NEET exemption: DMK slams TN govt for seeking ‘temporary solution’
The Tamil Nadu government has been urged by the leader of the Assembly to not try for a temporary solution by ‘pledging’ the state’s rights.education Updated: Jul 26, 2017 15:18 IST
Chennai The opposition DMK on Tuesday accused the Tamil Nadu government of seeking a “temporary solution” for the state’s exemption from the ambit of the National Eligibility and Entrance Test (NEET) for this year. Students join MBBS and BDS courses in medical and dental colleges on the basis of NEET scores.
DMK working president M K Stalin said the AIADMK regime in the state was trying only for a “temporary solution” to get exemption from NEET “at least for this year.”
He also accused the state government of bowing before the Centre.
On a day when chief minister K Palaniswami met prime minister Narendra Modi seeking exemption from NEET, Stalin, also Leader of the Opposition in the assembly, said government should not try for a temporary solution by “pledging” the state’s rights.
“This is against the spirit of bills adopted in Tamil Nadu Assembly which were aimed at a permanent solution,” he said in a statement.
Two bills had been recently adopted in the Assembly, envisaging continuance of undergraduate medical admissions on the basis of Class 12 marks, in an attempt to come out of the purview of the National Eligibility and Entrance Test (NEET).
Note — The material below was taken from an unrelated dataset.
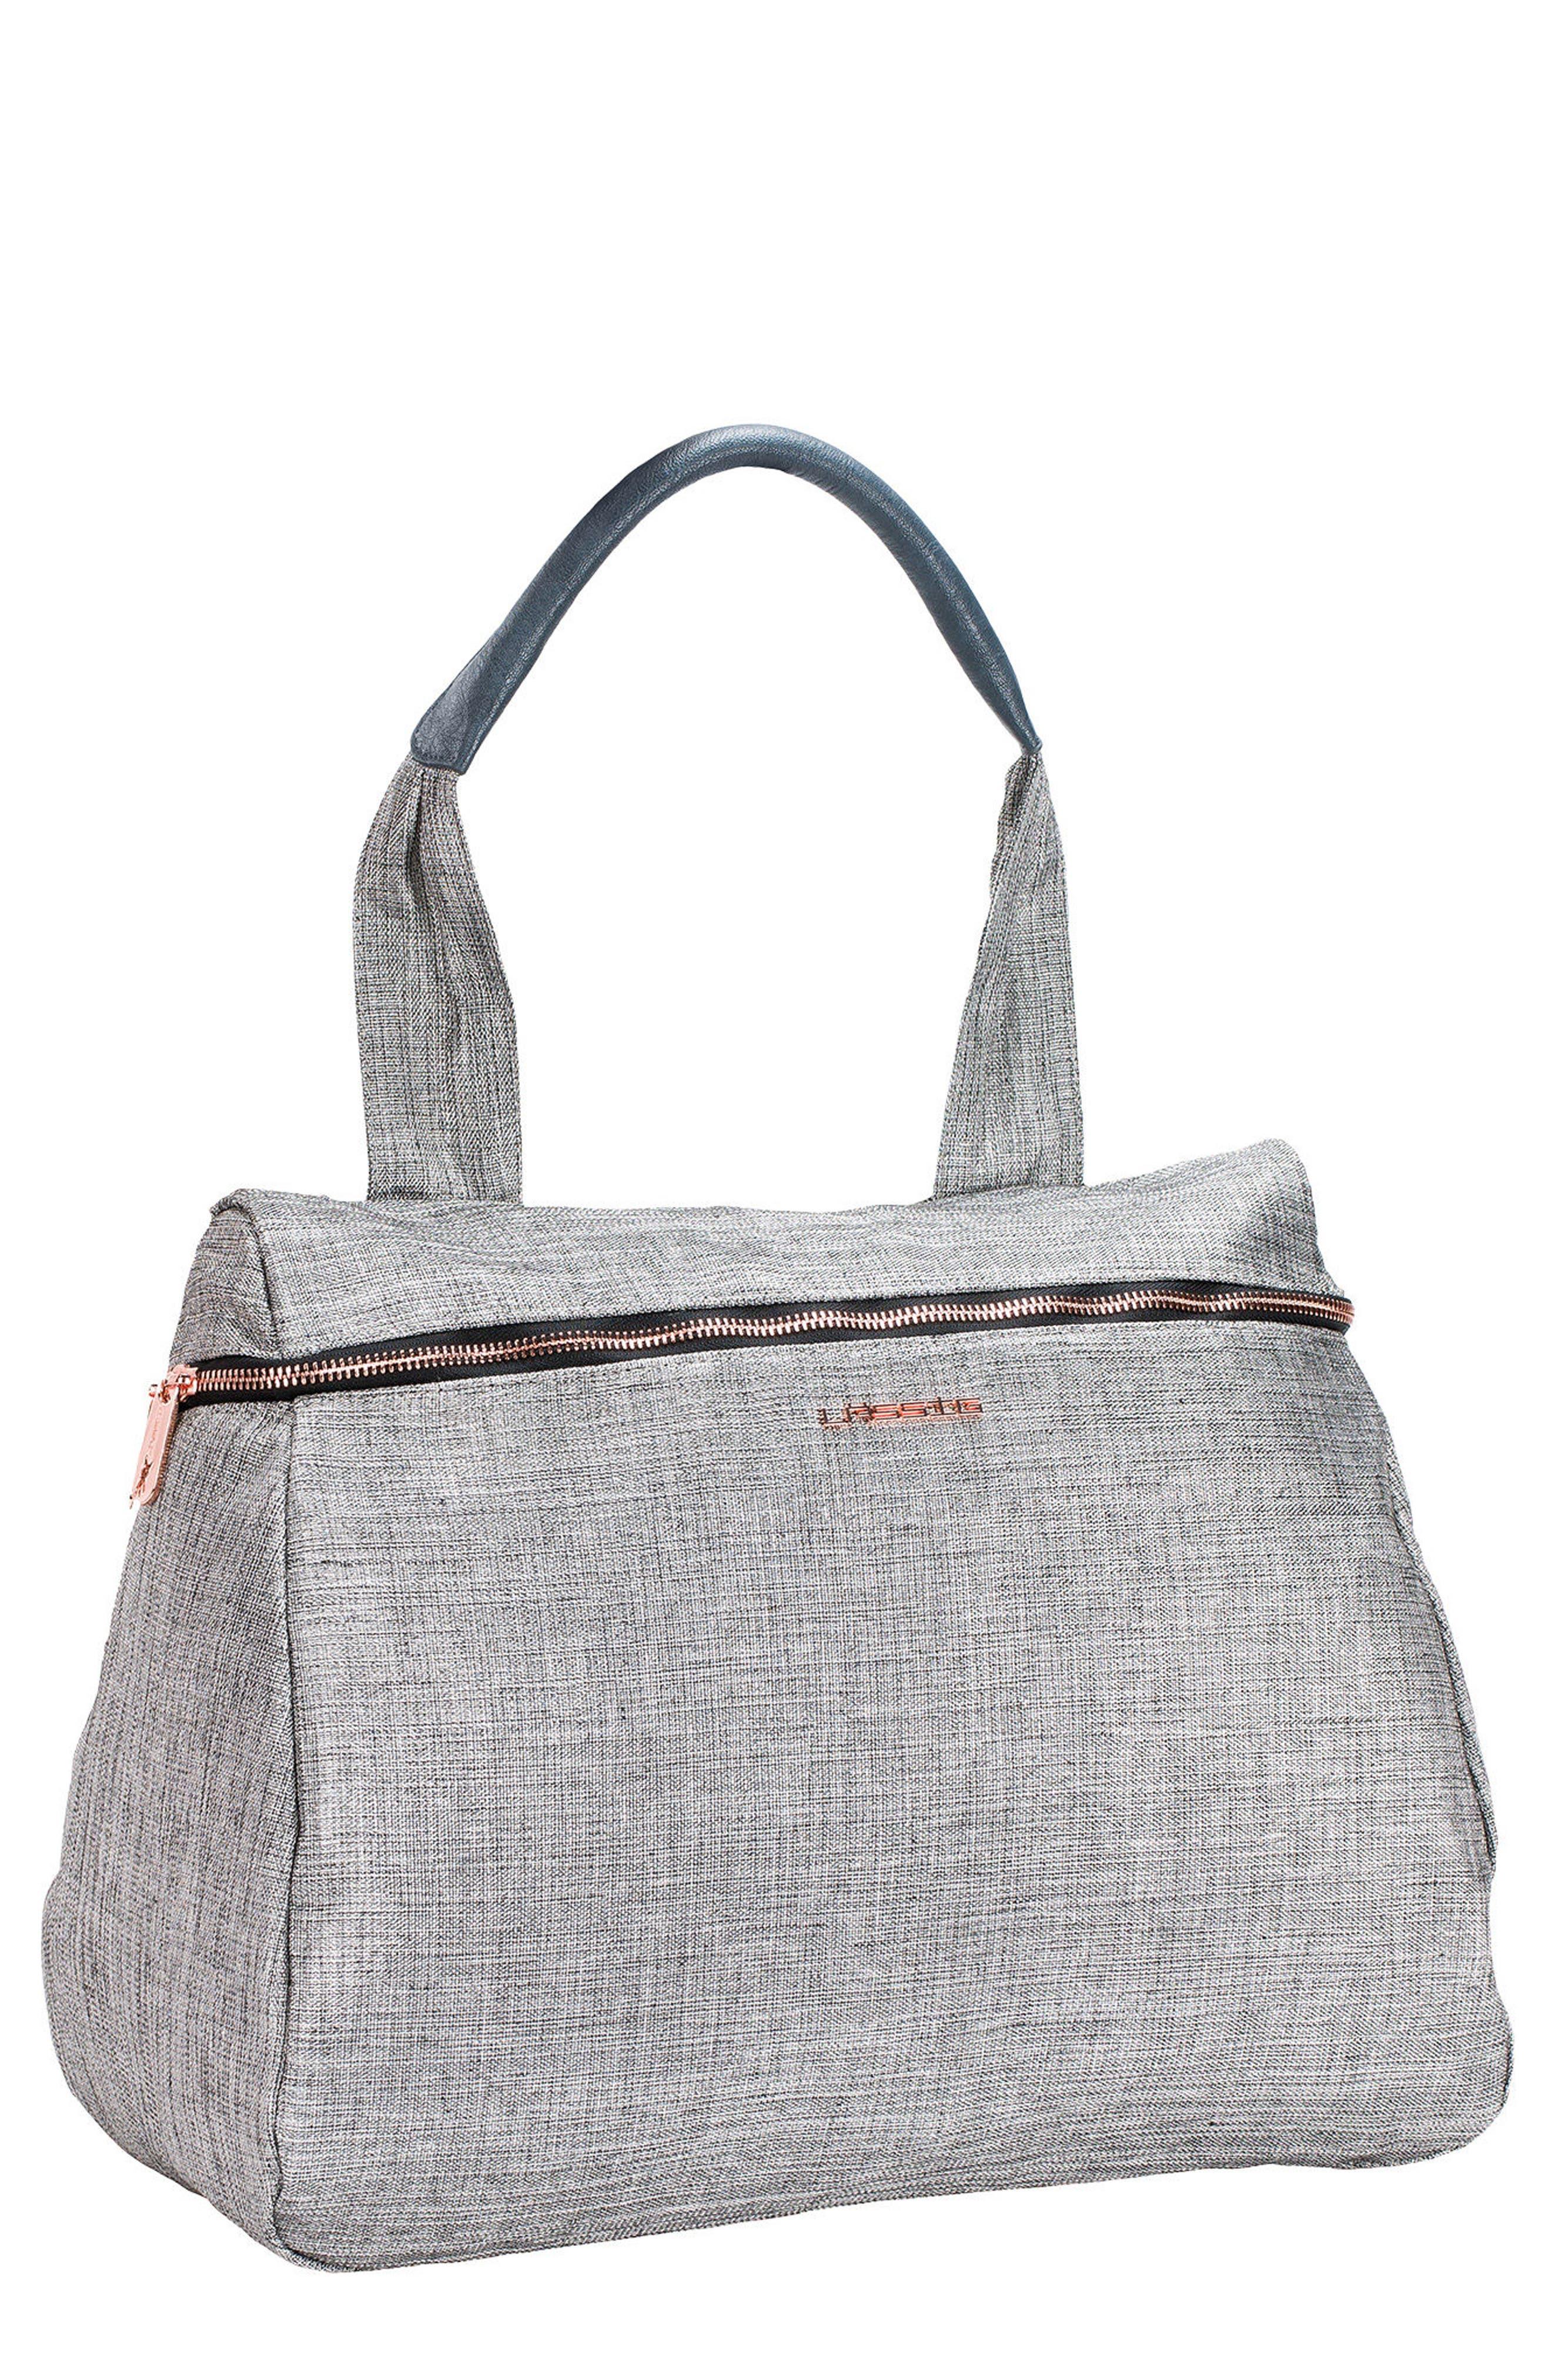 Glam Rosie Diaper Bag,                             Main thumbnail 1, color,                             Anthracite Glitter

DMK has been targeting AIADMK on this issue, alleging that the government has betrayed the interests of students.
Stalin sought to know why the Centre should hold examinations for admitting students to state-run medical and dental colleges.
Why were Central government run medical institutions like JIPMER in Puducherry exempted from NEET and how were state run establishments like Madras Medical College inferior to them? he asked.
Asserting that DMK was of the firm view that there should be “no NEET at all,” he said the party’s stand was based on principles of “social justice and state autonomy”.
He reiterated that entrance examination went against rural, poor and oppressed students.
The option to sit for NEET thrice would take away the “level playing field”, thus reducing chances of poor and favouring students from well-off backgrounds, he claimed.
The DMK leader said only the rich could go for special coaching for such exams and not those from rural areas or belonging to oppressed sections.
He exhorted the general public to take part in the July 27 human chain protest across Tamil Nadu to oppose the Centre’s “hegemony” of NEET.